[SOURCE MATERIAL Boundary: Start]

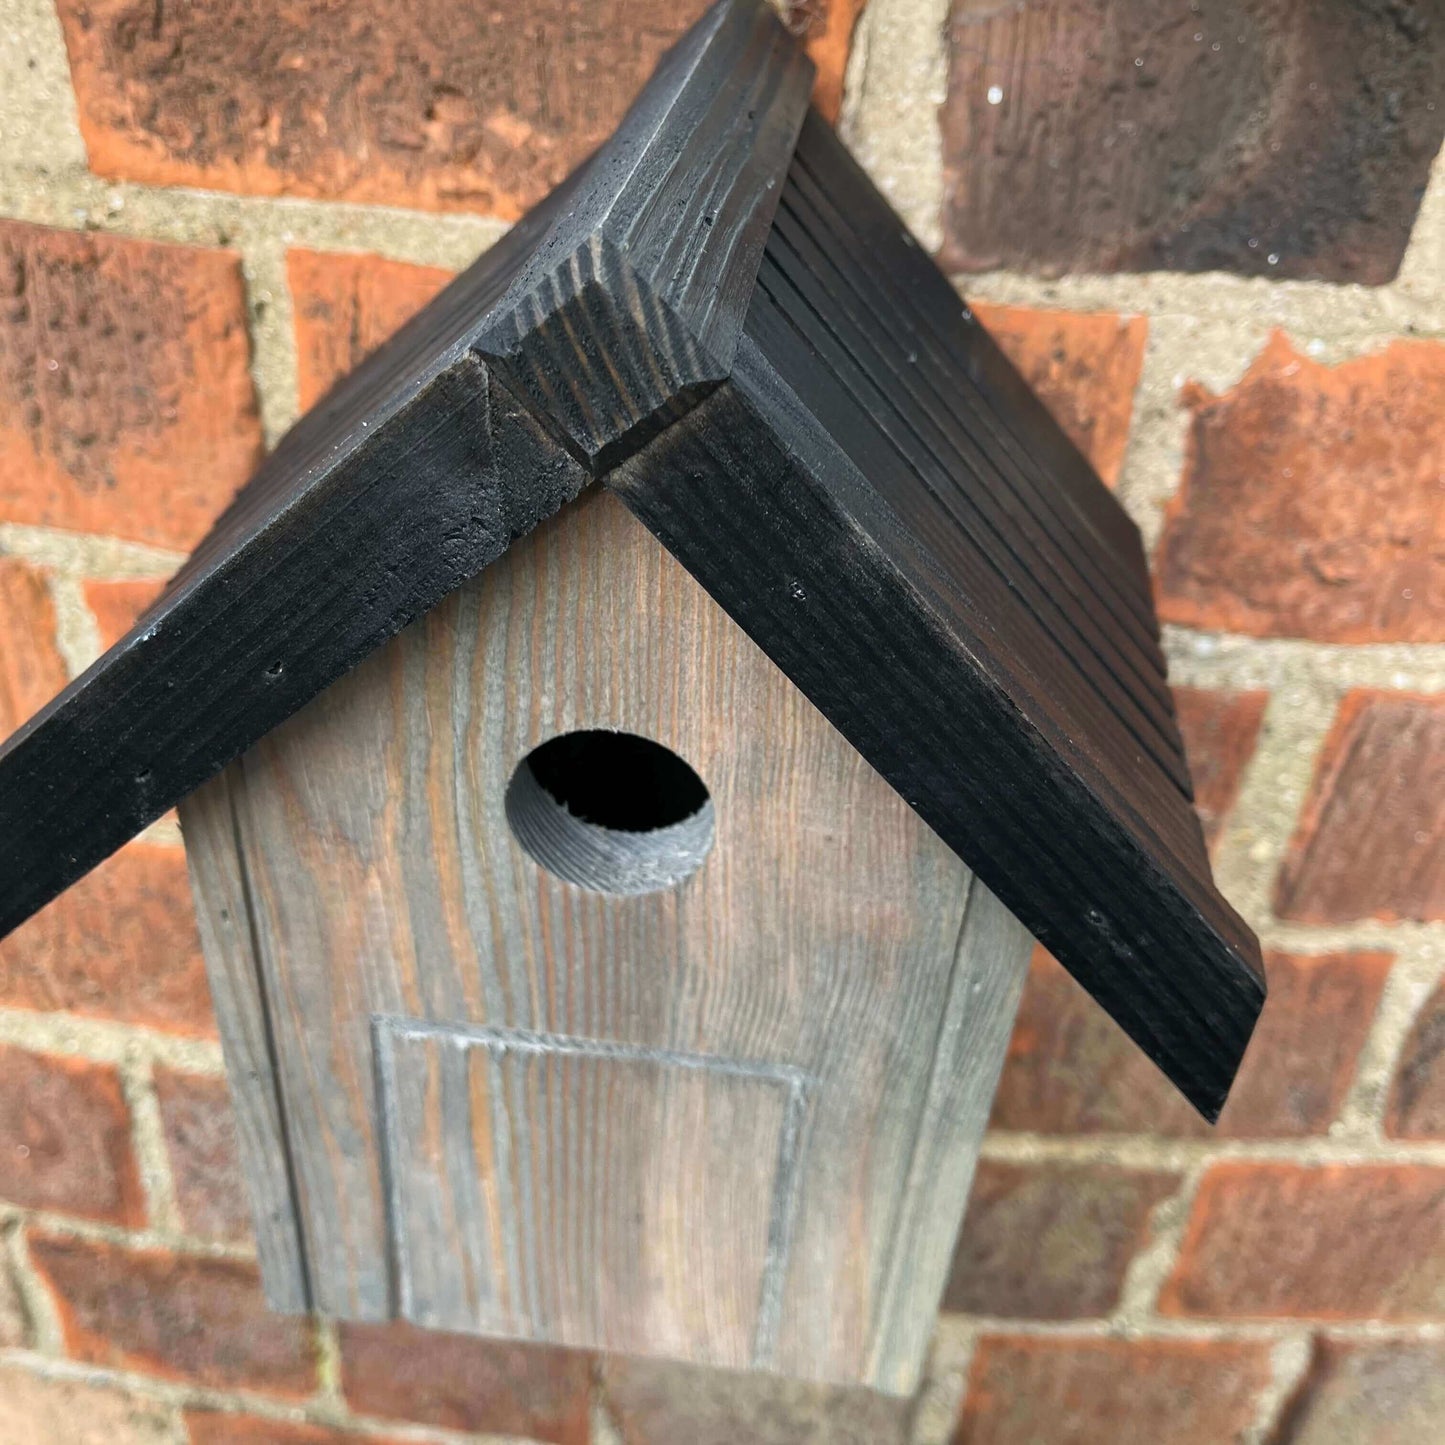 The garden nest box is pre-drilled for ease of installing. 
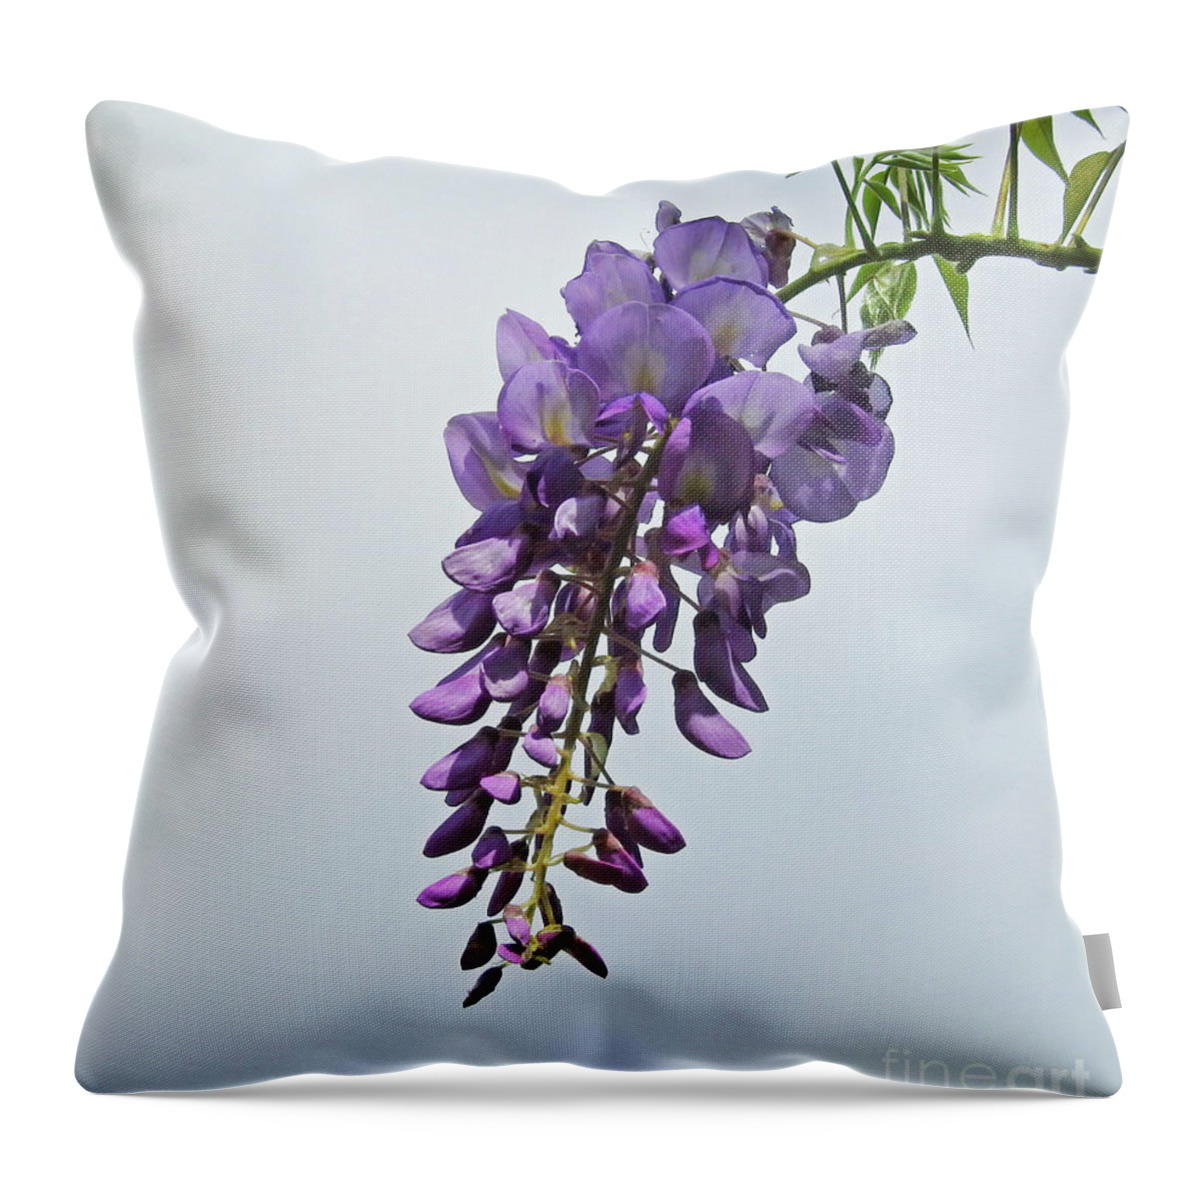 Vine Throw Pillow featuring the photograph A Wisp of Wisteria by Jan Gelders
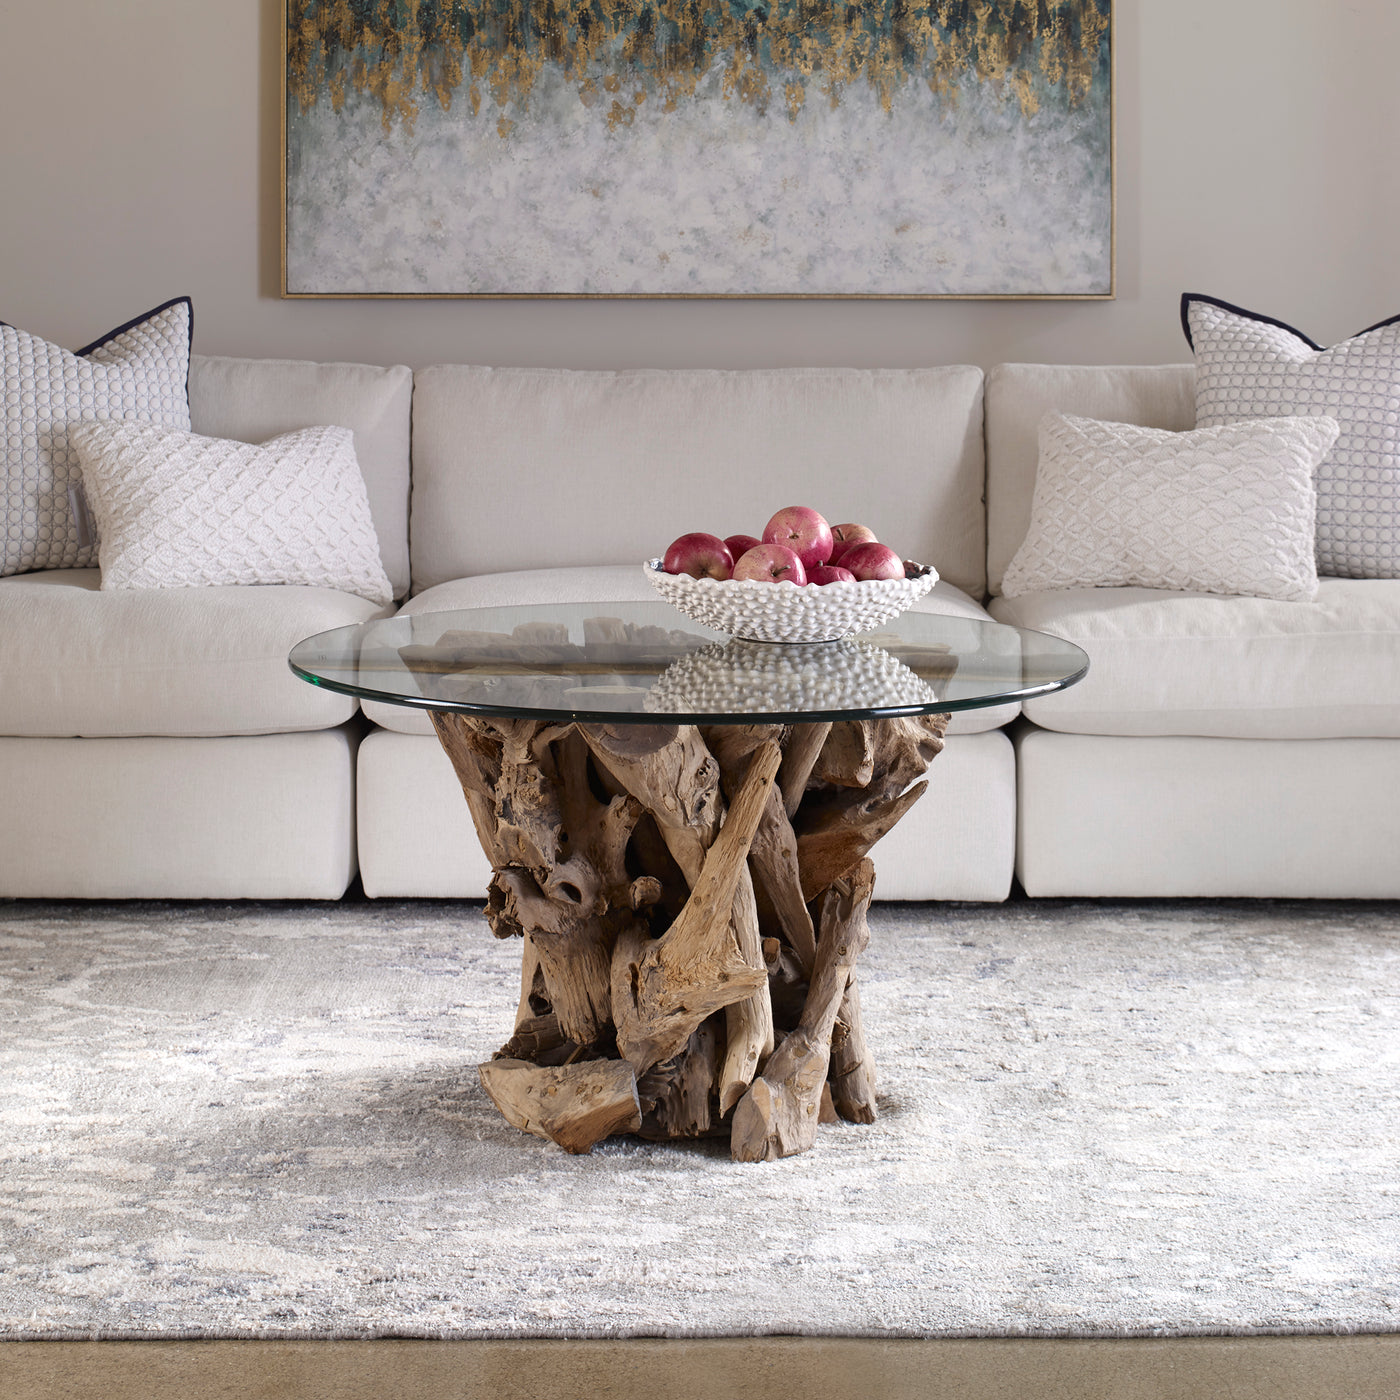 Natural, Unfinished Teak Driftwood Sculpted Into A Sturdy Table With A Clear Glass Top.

[SOURCE MATERIAL Boundary: End]

● **EXERCISE**: Skipping all images, print the data above a second time exactly.

● **RESULT BELOW**:
 The garden nest box is pre-drilled for ease of installing. 
 Vine Throw Pillow featuring the photograph A Wisp of Wisteria by Jan Gelders
 Natural, Unfinished Teak Driftwood Sculpted Into A Sturdy Table With A Clear Glass Top.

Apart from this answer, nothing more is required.